When The Last of the Mohicans was published in 1826 James Fenimore Cooper was riding a growing wave of fame and critical acceptance. Following on the success of his last two books, The Last of the Mohicans was praised at the time for its non-stop adventure, realism, and intricate plotting. Using historical sources ranging from actual characters, such as Colonel Munro and Major Heyward, to John Heckewelder's An Account of the History, Manners, and Customs, of the Indian Nations, Who Once Inhabited Pennsylvania and the Neighbouring States, and adding to them his own knowledge of the history of the area in which the novel was set, Cooper laid the foundation of his novel with fact and real events.
The Last of the Mohicans introduces Cooper's most well-known character, Natty Bumppo.
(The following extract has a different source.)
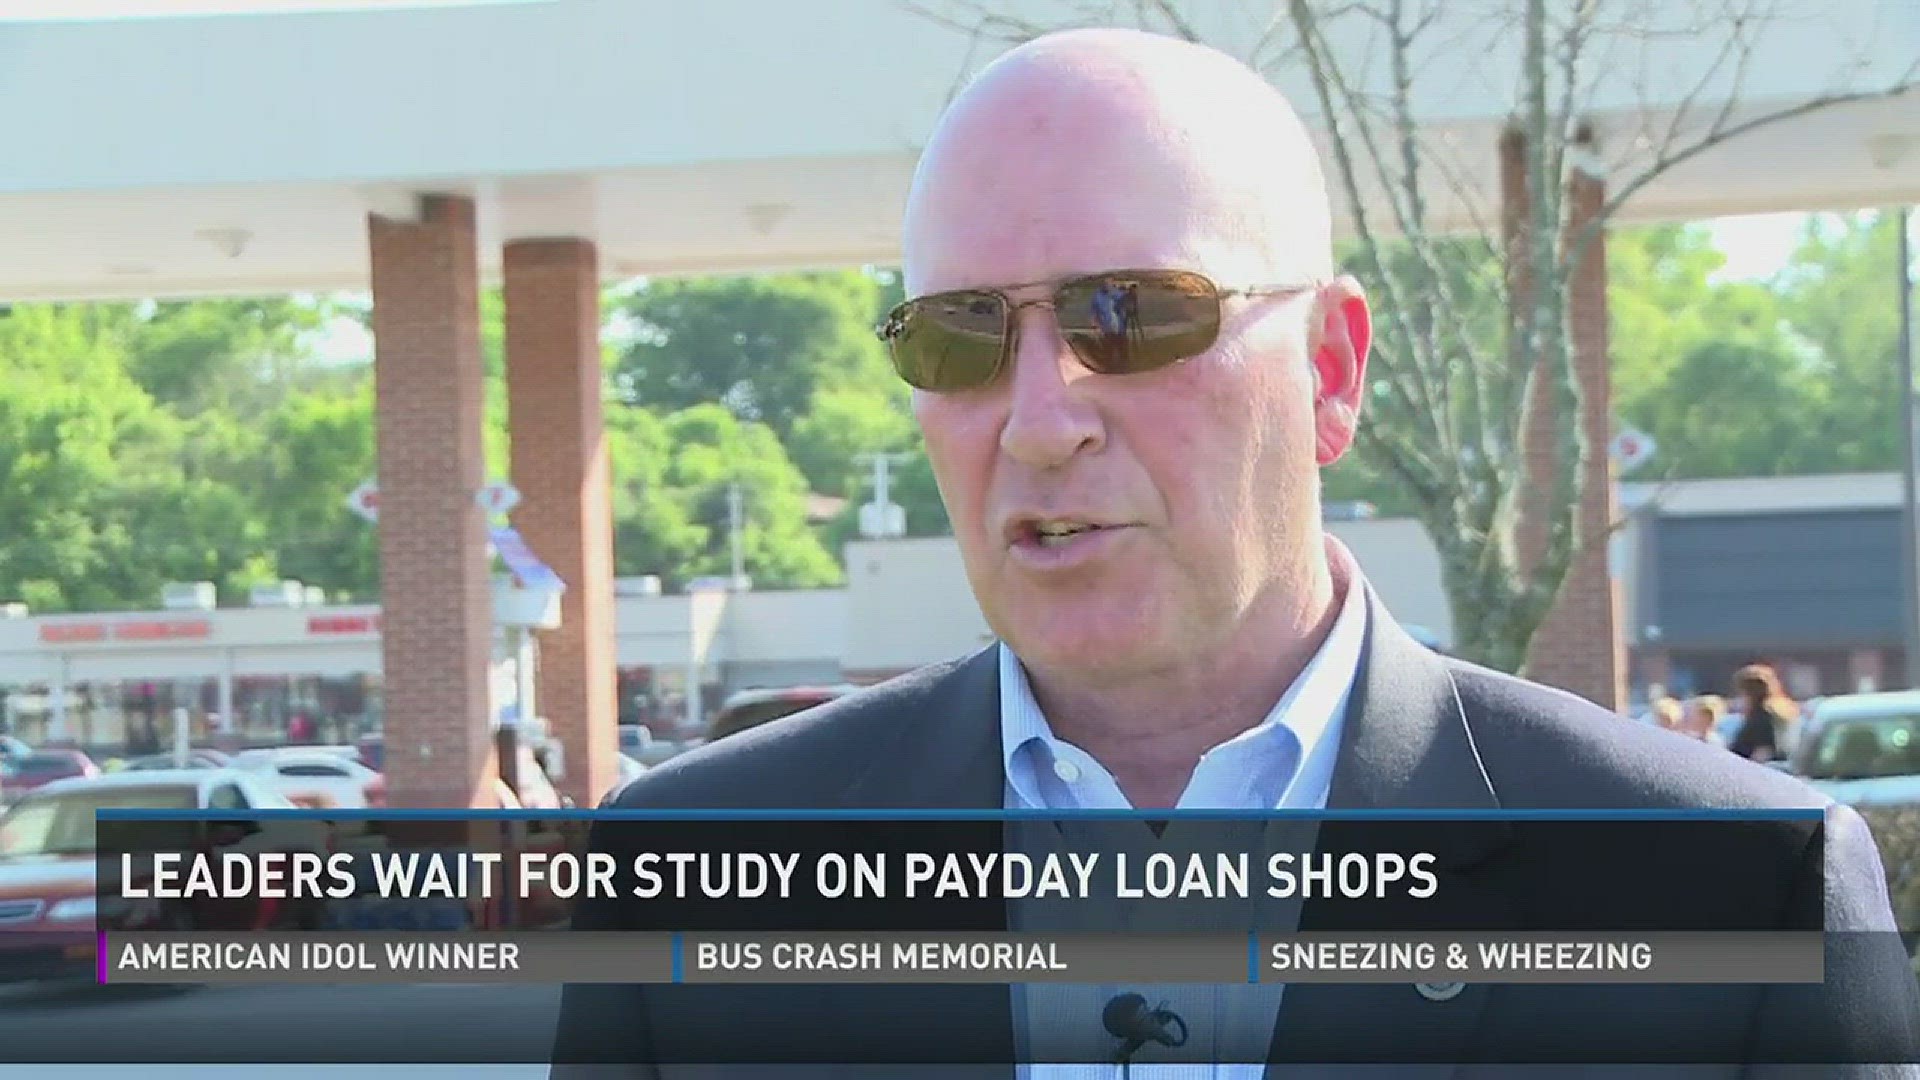 Payday loan shops are suddenly popping up widely in Knoxville. For one Knoxville councilman, that's a concern. May 13, 2015

It is an abduction narrative, and follows the adventures of Bumppo and his two Mohican Indian companions—father and son, Chingachgook and Uncas. They set out to free Munro's two daughters, Cora and Alice, from repeated kidnapping by a group of Huron Indians, led by their chief, Magua.
While well-received and praised in its day, The Last of the Mohicans has since gone through a cycle of neglect and insult, and back into critical favor. Later critics found it very unrealistic, and considered its characters stereotyped. Cooper was taken to task for his portrayal of the Indians in the book. Uncas and Chingachgook were thought to be too idealized, and Magua far too villainous. The women in The Last of the Mohicans and Cooper's other books were considered to be mere damsels in distress, and completely undeveloped as characters. By the 1950s, Cooper had regained supporters, and was placed once again in the position as the father of the American novel. His lapses in style, sometimes poorly developed characterizations, and other literary offenses have been largely forgiven due to his role as pioneer of the American novel.